Charleroi - Parking payant: voici la voiture scanner!

En janvier, le passage au stationnement payant dans tout l’intraring carolo avait créé un véritable tollé. Malgré cette décision, beaucoup essayent encore de se faufiler entre les mailles du filet, mais ça sera bientôt fini. Une voiture va se balader dans les rues à longueur de journée pour scanner toutes les plaques et vérifier si chacun a bien réglé son dû. Elle entrera en fonction en juin, mais on a déjà pu l’essayer!

Annoncée pour début avril à la base, la voiture scanner a pris un peu de retard. La faute à quelques petits soucis de douane pour le matériel. Mais elle est désormais bien là! D’aspect extérieur, certains la comparent à une «Google Car» qui photographie les rues. Deux petites caméras sont juchées sur son toit.

Certes, elle n’entrera en fonction qu’en juin, mais quand nous avons pu participer à quelques essais hier, son efficacité était impressionnante. Disposant du même programme de reconnaissance des plaques que la police fédérale, elle scannait celle de chacune des voitures stationnées des deux côtés de son trajet. Que les autos soient garées parallèlement ou perpendiculairement par rapport à la voiture scanner, peu importe!

Même quand deux véhicules étaient presque collés, elle parvenait à immortaliser leur plaque.

Que les caméras soient en hauteur et disposées selon un certain angle permet de passer au-dessus de tous les capots dans le chemin.

Au fur et à mesure, le passager contrôlait le bon fonctionnement du tout, les images se retrouvant immédiatement sur sa tablette.

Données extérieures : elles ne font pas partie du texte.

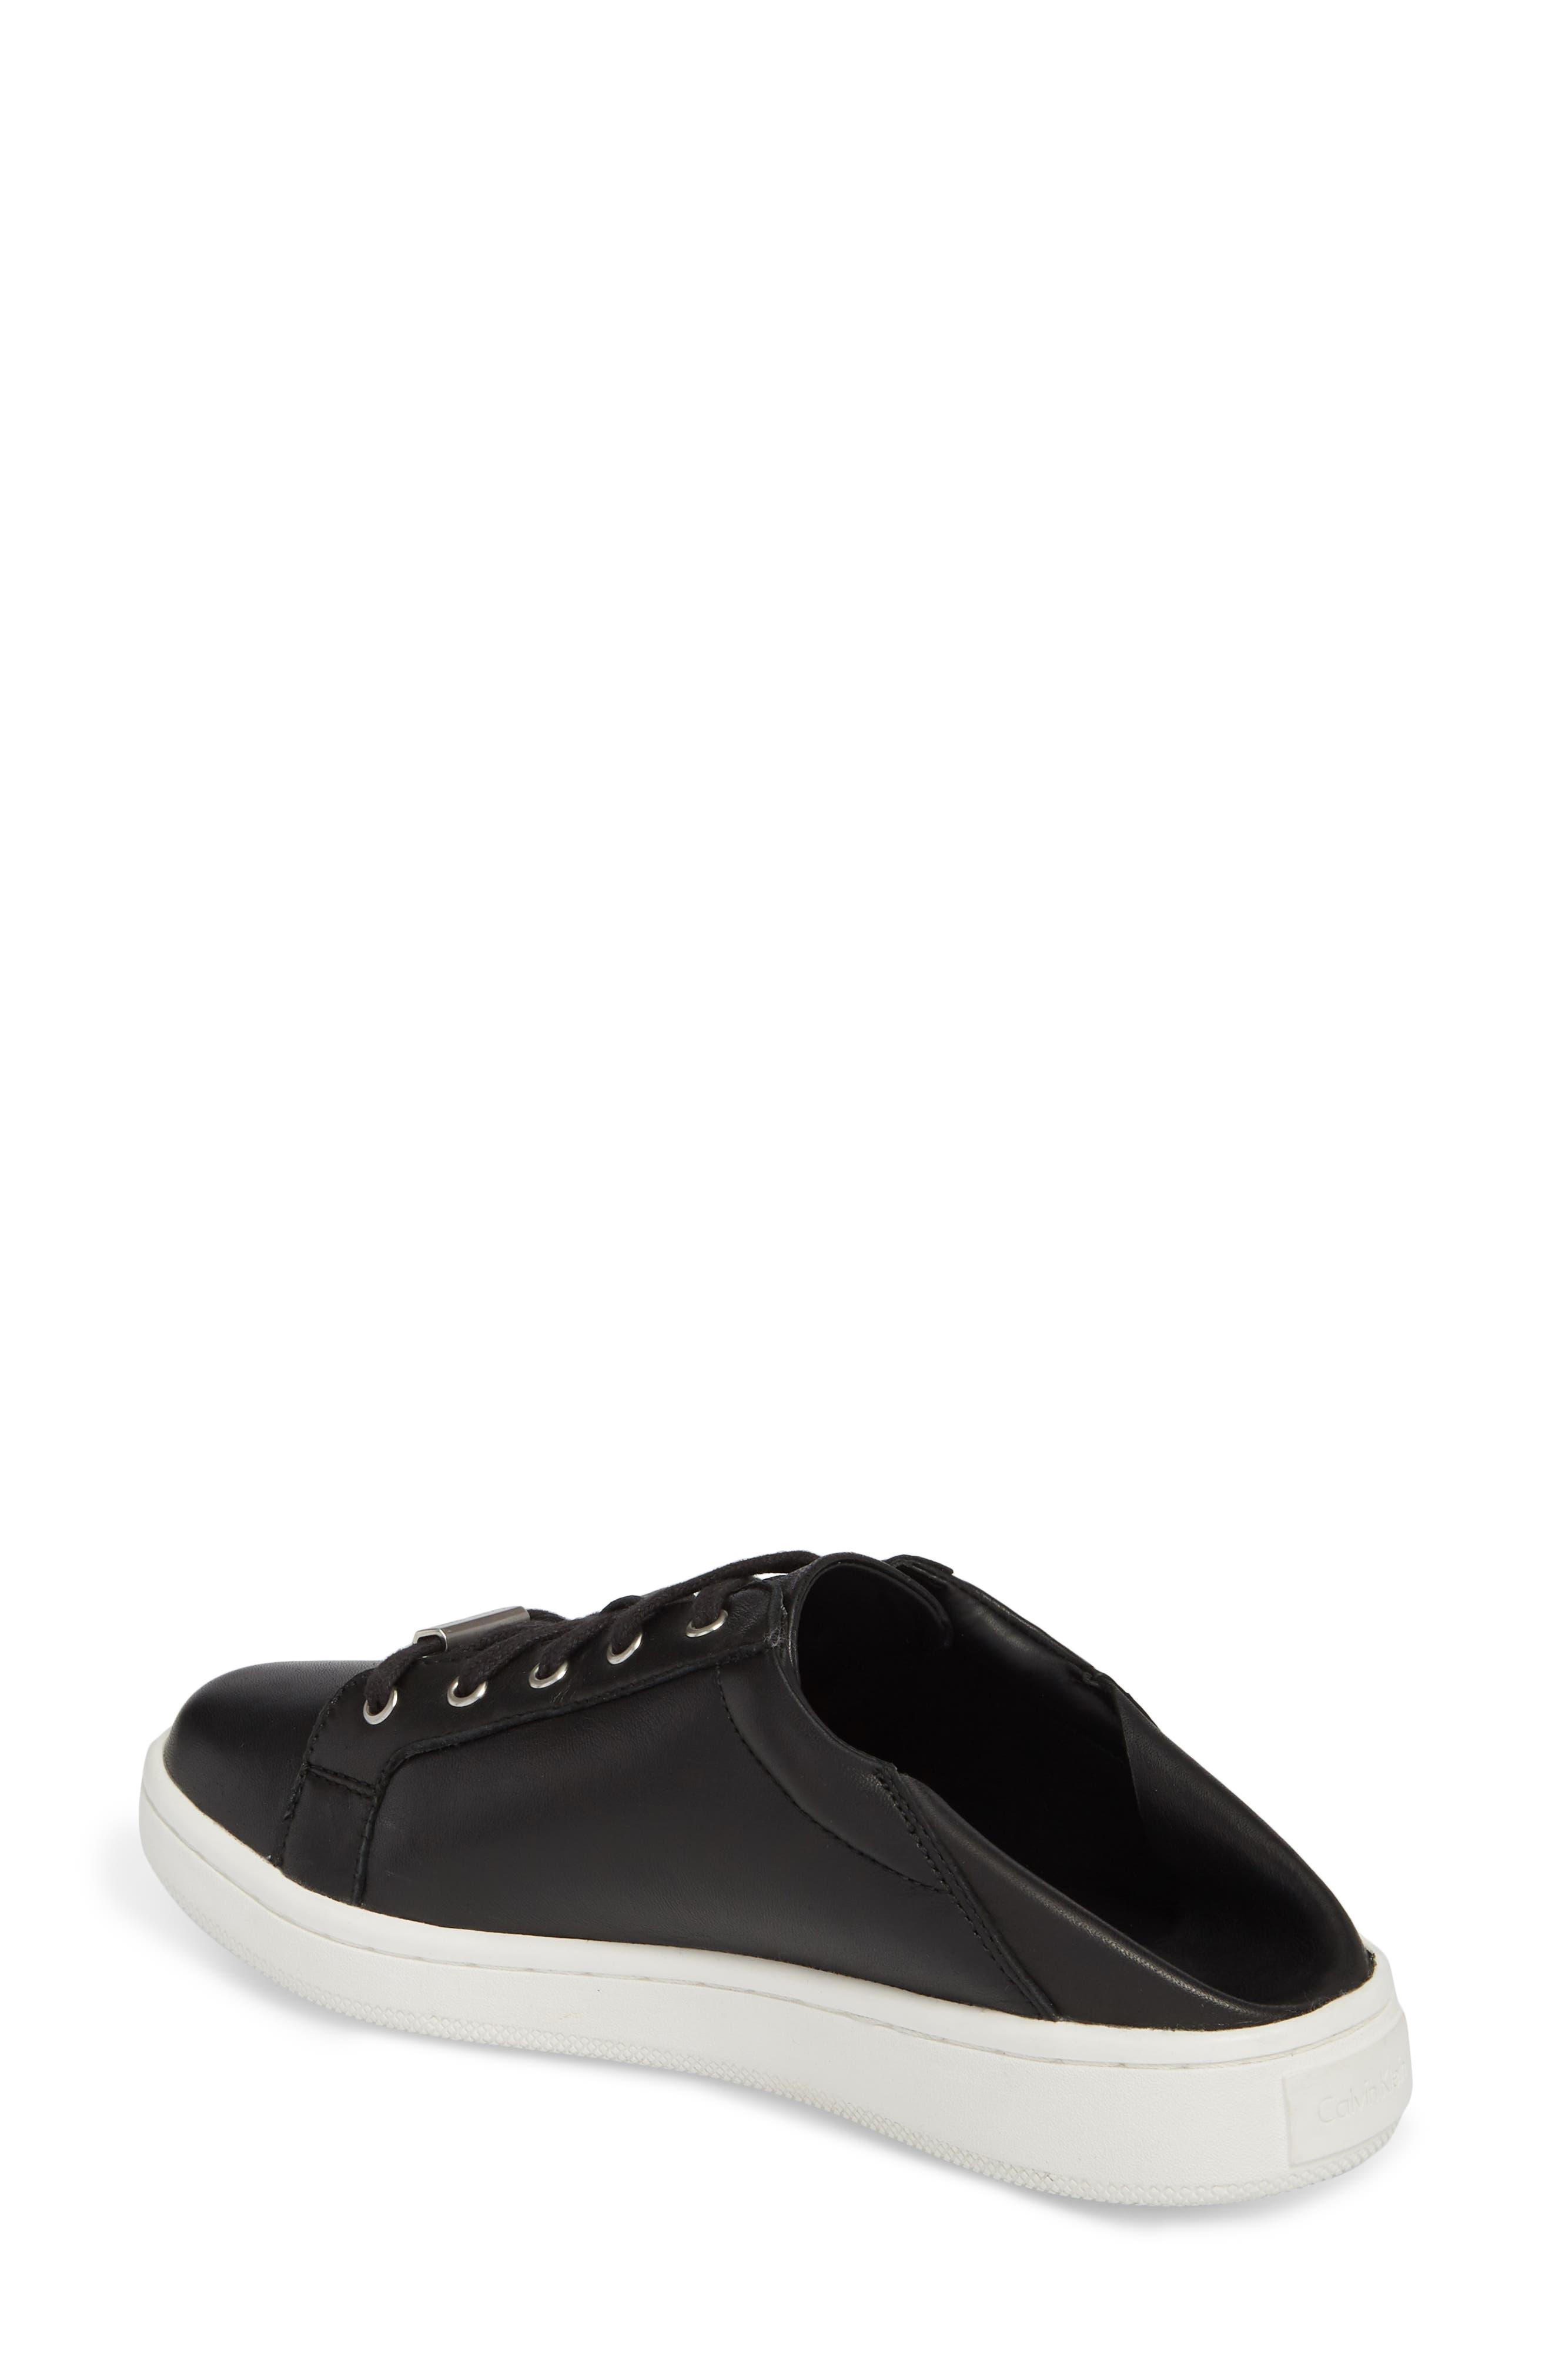 Danica Convertible Sneaker,                             Alternate thumbnail 3, color,                             004

Grâce à ce système diabolique, la voiture scanner pourra à terme contrôler 10.000 véhicules par jour et vagabonder quotidiennement à deux reprises dans chaque rue concernée par le plan de stationnement. «Si nous détectons des zones problématiques à un moment, elle pourrait tout aussi bien se concentrer temporairement sur celles-ci», note Manu Pepinster, directeur de la Régie Communale Autonome, qui est en charge du tout.

À pied aussi

Pour résumer, une fois les images prises, elles sont envoyées vers un logiciel qui les compare avec les bases de données des horodateurs, des payements par SMS et des autres abonnements divers. Les cas problématiques sont triés et des agents constatateurs font alors le nécessaire. «Ceux-ci sont au nombre de 8, mais certains continueront à sillonner les rues à pied, pour garder le contact avec le citoyen.» Une fois les étapes décrites franchies, deux fois par semaine, des envois de redevance sont effectués. «Tout cela a bien sûr été intégré dans le calcul du délai de payement, pour éviter tout souci.»

Dans la plupart des villes où des voitures scanners sont en service, elles servent avant tout à identifier les secteurs les plus problématiques, afin que des agents constatateurs s’y rendent. À Charleroi, le système est donc bien plus direct. Au grand dam, c’est le moins qu’on puisse écrire, des Carolos!